• Data for processing:

== Segment start ==

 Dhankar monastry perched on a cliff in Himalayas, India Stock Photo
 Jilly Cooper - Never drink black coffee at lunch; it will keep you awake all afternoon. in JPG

== Segment end ==
== Segment start ==

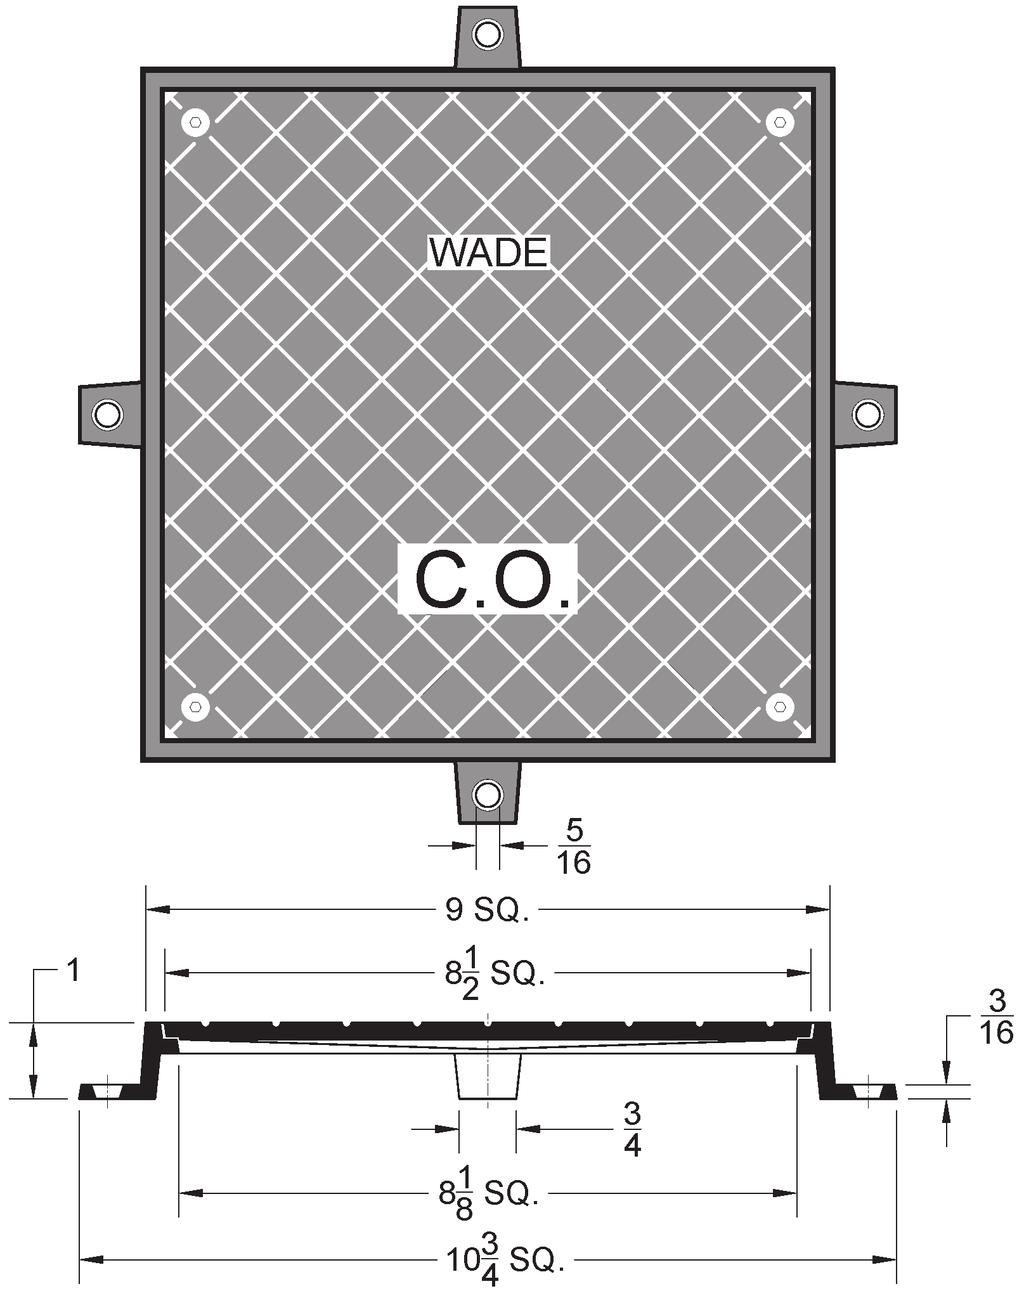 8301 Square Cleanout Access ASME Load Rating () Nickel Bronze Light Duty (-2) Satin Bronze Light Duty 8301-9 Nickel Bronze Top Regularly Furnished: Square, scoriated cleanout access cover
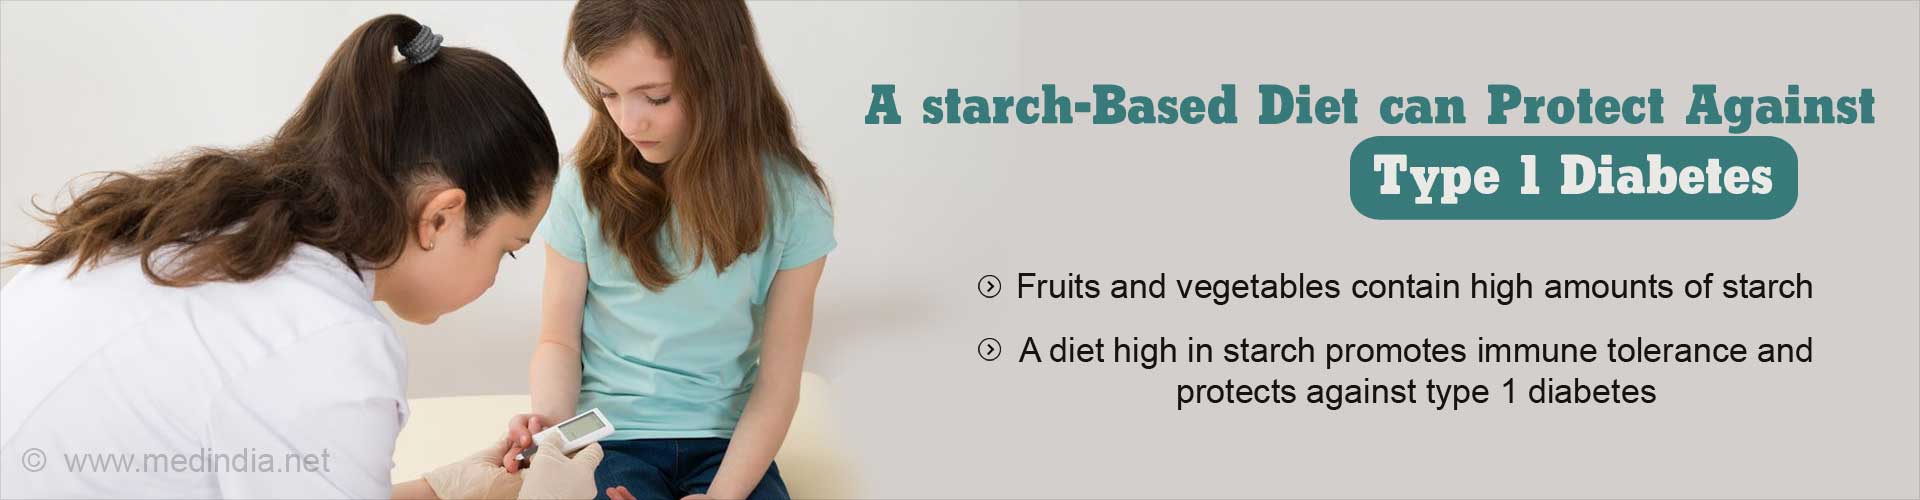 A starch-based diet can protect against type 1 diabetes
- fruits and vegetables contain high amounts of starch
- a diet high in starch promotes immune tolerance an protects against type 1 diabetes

== Segment end ==

• Task objective:
An exact copy of the lines above from the one with "8301 Square Cleanout" up to and including the one with "- a diet high" is required; reproduce only those lines, omitting all pictures.

• Answer box:
 8301 Square Cleanout Access ASME Load Rating () Nickel Bronze Light Duty (-2) Satin Bronze Light Duty 8301-9 Nickel Bronze Top Regularly Furnished: Square, scoriated cleanout access cover
 A starch-based diet can protect against type 1 diabetes
- fruits and vegetables contain high amounts of starch
- a diet high in starch promotes immune tolerance an protects against type 1 diabetes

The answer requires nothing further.